ASSIGNED TASK: For this exercise, return all the data word for word, with images left out.

SUPPLIED INFORMATION:
━━━━━━━━━━━━━━━━

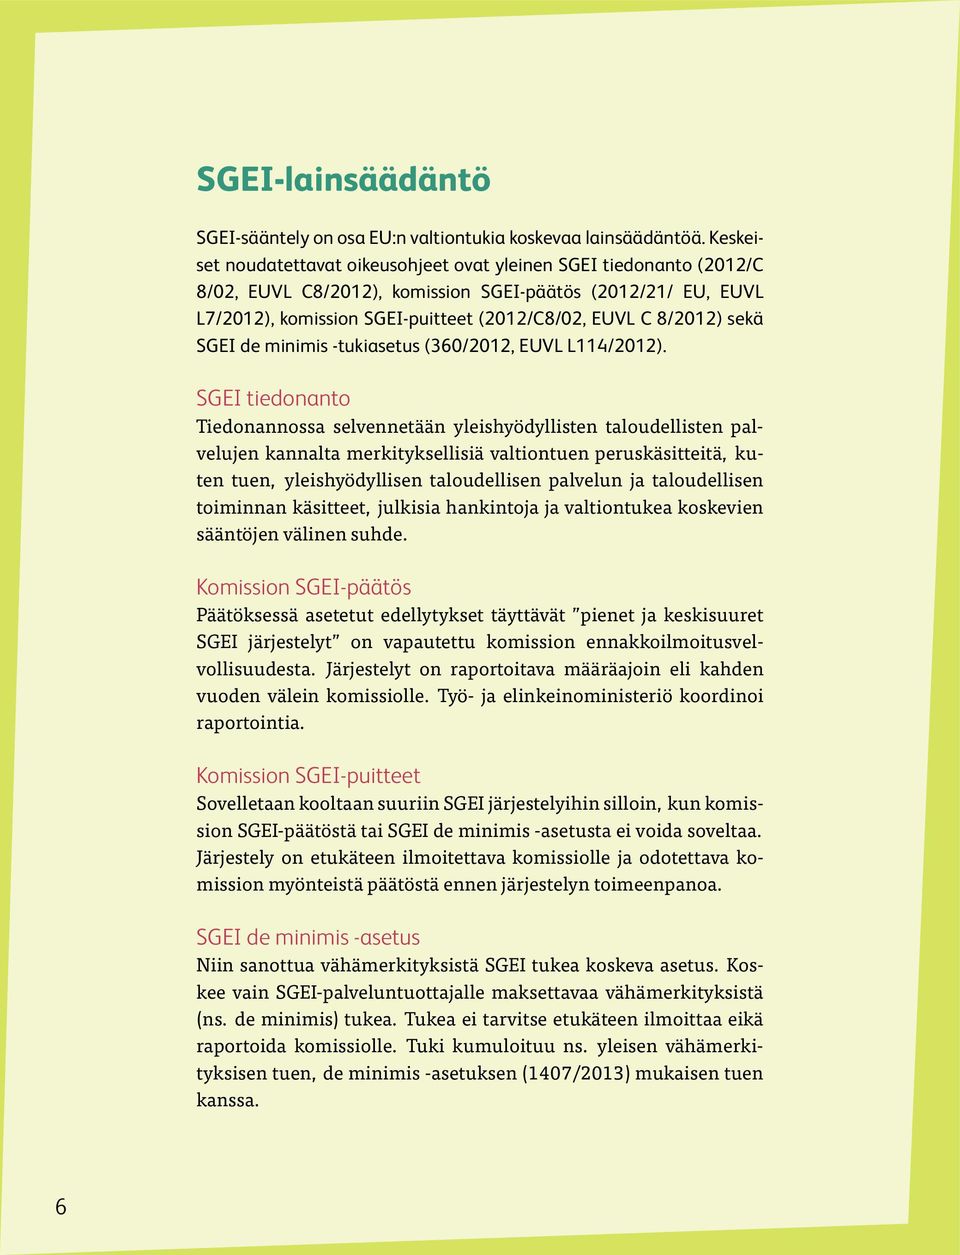 sekä SGEI de minimis -tukiasetus (360/2012, EUVL L114/2012).
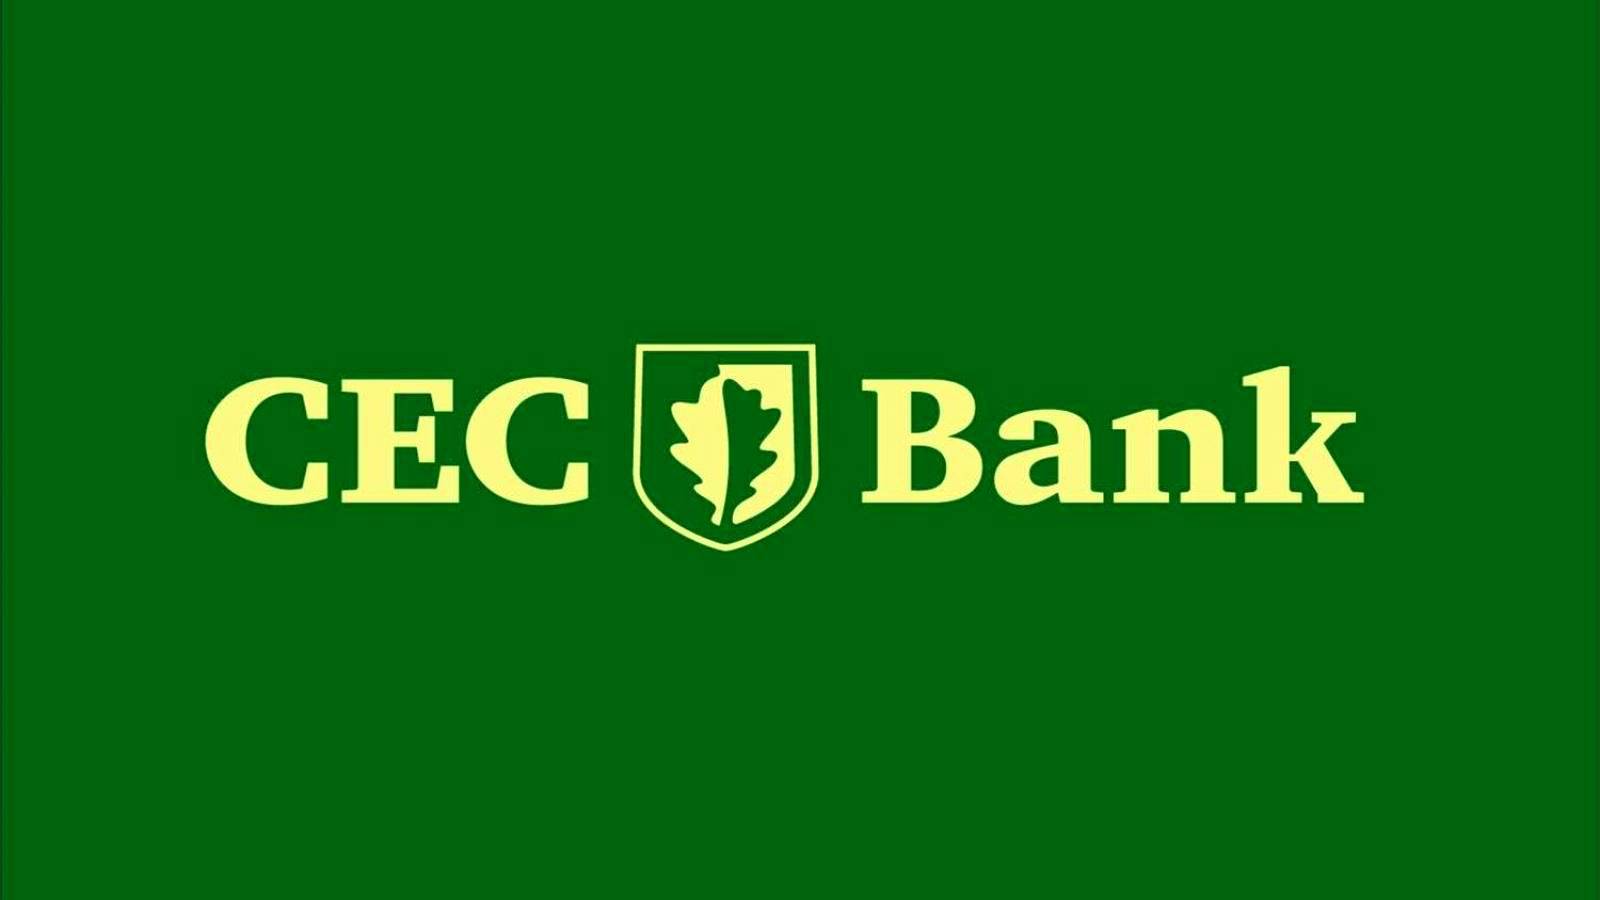 Kennisgeving van belangrijke maatregel van CEC Bank officieel bevestigd aan alle klanten
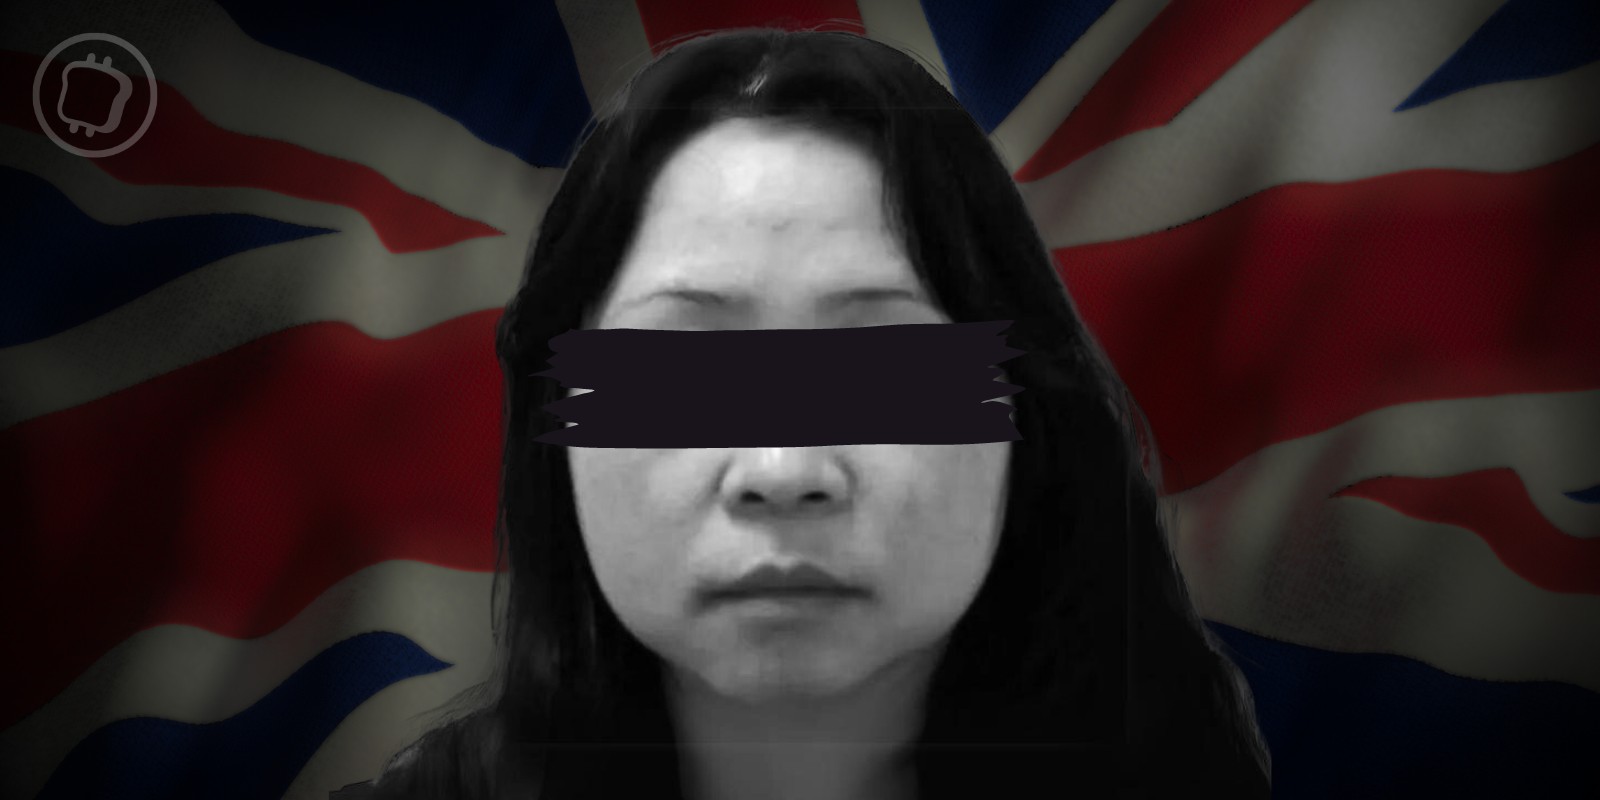 Londres : une femme arrêtée en possession de 2 milliards de livres (GBP) de cryptomonnaies

━━━━━━━━━━━━━━━━

WRITTEN ANSWER:
 sekä SGEI de minimis -tukiasetus (360/2012, EUVL L114/2012).
 Kennisgeving van belangrijke maatregel van CEC Bank officieel bevestigd aan alle klanten
 Londres : une femme arrêtée en possession de 2 milliards de livres (GBP) de cryptomonnaies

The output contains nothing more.